Community patterns from trees to the region

To address the hypothesis that genetic-based patterns of community phenotypes (e.g., community composition) were robust across geographic scales (i.e., scale independent), we quantified arthropod communities across multiple spatial scales at the individual tree level to the regional level at 720 000 km2. We chose to study the leaf-modifying community (e.g., gall-formers, leaf-rollers, and leaf-tiers) because this community interacts directly with leaf tissue and is likely to be most sensitive to the underlying genetic structure of the plant (Bangert et al., 2006a). In a survey of the arthropods on replicated clones of different cottonwood genotypes, we found that over 57% of the variation among the communities of individual trees within the pure parental species was attributable to heritable differences in their host trees (Shuster et al., 2006). This demonstrates that dependent arthropods can cue into trait differences at the individual tree genotype level at the finest scale of a single population of a pure species. Because individual tree genotype predicts arthropod community phenotypes in a common garden, we predicted that genetic differences among trees at other spatial scales in nature should also predict differences in their community phenotypes.

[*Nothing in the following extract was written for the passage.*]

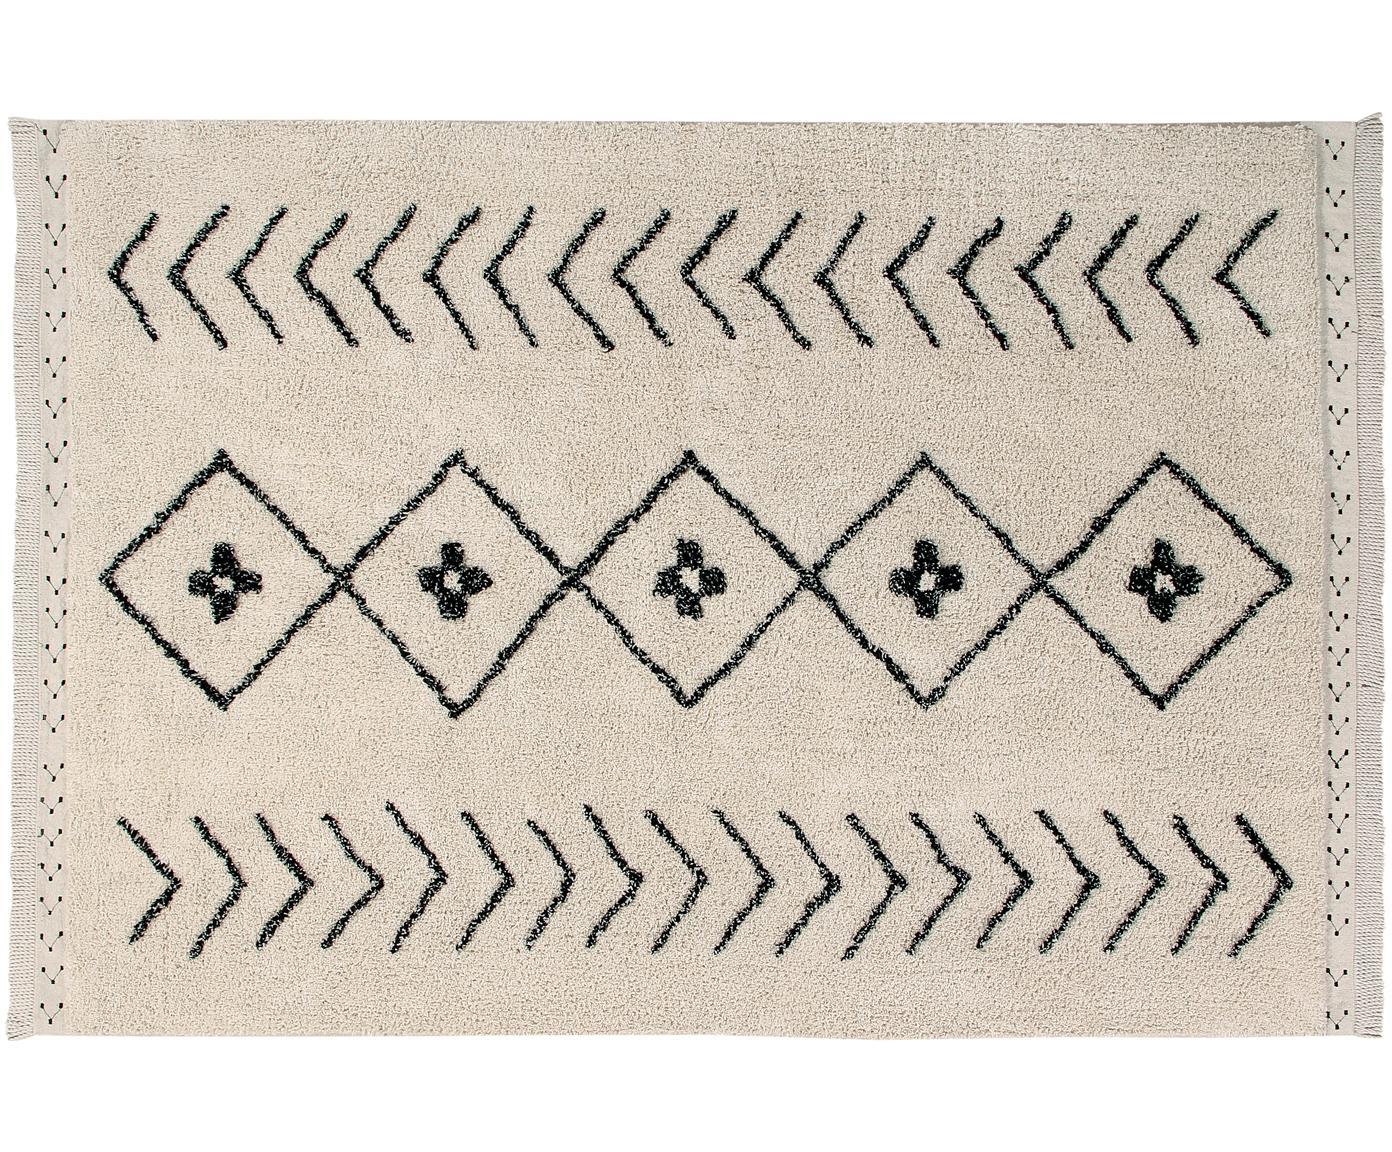 Teppich Barber, Flor: 85% Baumwolle, 15% recyce, Beige, Schwarz, B 120 x L 170 cm (Größe S)
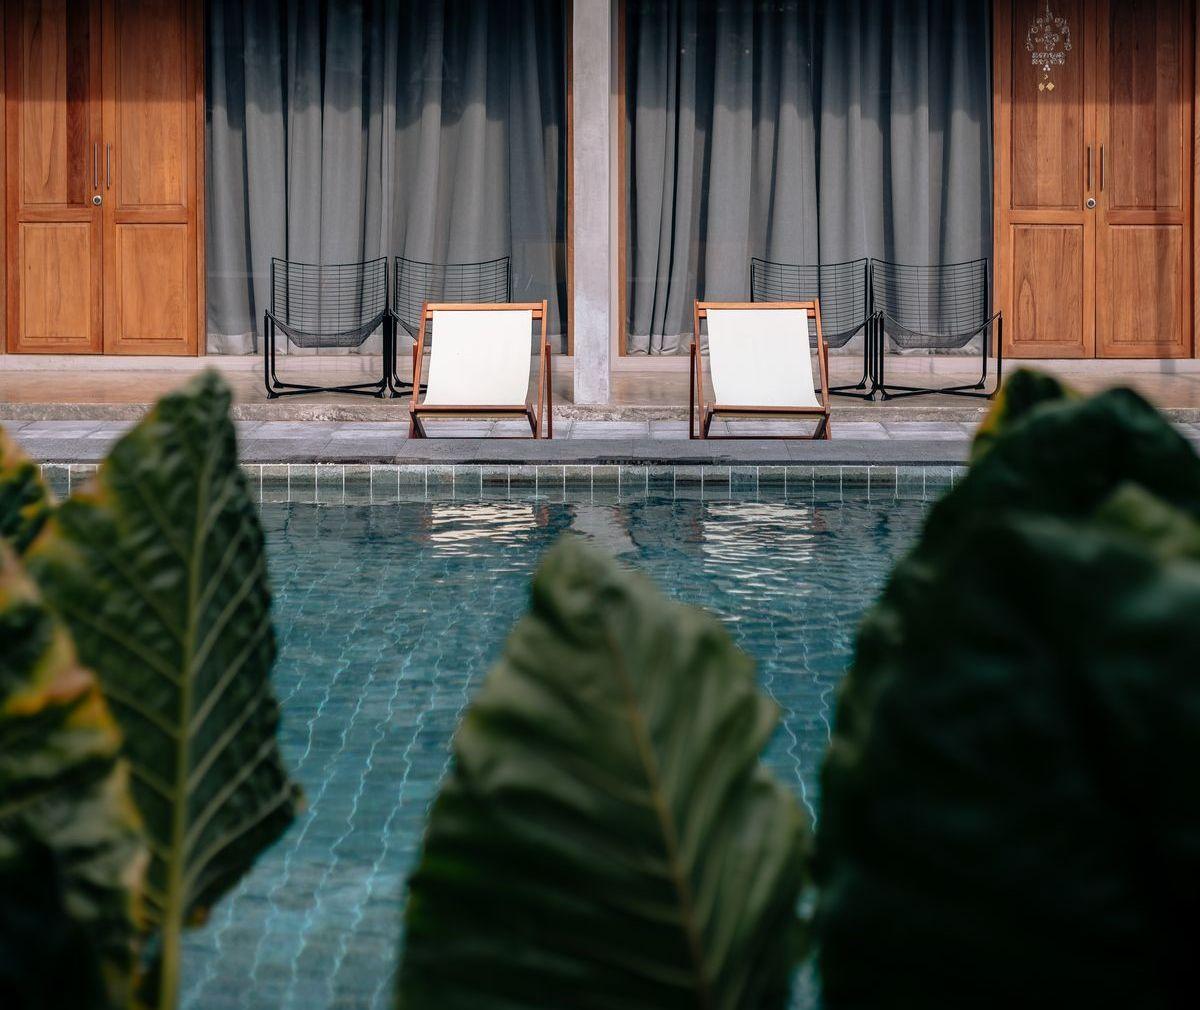 Nachhaltigkeit: Hohe Bedeutung in der Hotellerie

We extended our common garden study to naturally growing trees and analyzed the relationship between the leaf-modifying arthropod community and cottonwood AFLP genetic composition at multiple spatial scales. We quantified this relationship to address the hypothesis that the relationship between arthropods and plant genetics was qualitatively scale independent and that the genetic effect could be detected from the individual tree to the region. At the tree scale all analyses were on individual trees from riparian zones along six rivers (e.g., St Vrain Creek, CO, USA; Figure 2a). At the stand scale genetic and arthropod compositions were summed across eight trees in each of 10 stands. Likewise, at the river scale the arthropod and AFLP compositions were characterized for each of the six rivers. Finally, at the regional scale we analyzed 137 trees from across the region in a single analysis. Geographic autocorrelation was significant in the regional analysis and was controlled for with a partial Mantel test and the relationship remained largely unchanged indicating that genetic effects were important at each scale (Bangert et al., 2006b).

Figure 2
figure 2

Arthropod community similarity is negatively correlated with genetic distance among trees at different scales. More closely related trees had more similar arthropod communities. (a) This relationship emerges at the tree scale among 26 individual trees within a single hybrid zone; (b) at the stand scale among 10 stands composed of eight trees each; (c) at the river scale among six rivers; (d) and at the regional scale among 137 trees across 720 000 km2. Panel (d) shows the 9316 points from the Mantel analysis on all pair wise comparisons in gray and the line is fit to the mean distances and similarities for ease of presentation; R2 is reported from the Mantel test. The strength of this relationship declines with increasing scale (e). Note that the scale of the x axis changes with the organizational scale of cottonwoods. (ad) Modified from Bangert et al., 2006b and P-values from the Mantel tests were derived through a randomization procedure of 9999 randomizations.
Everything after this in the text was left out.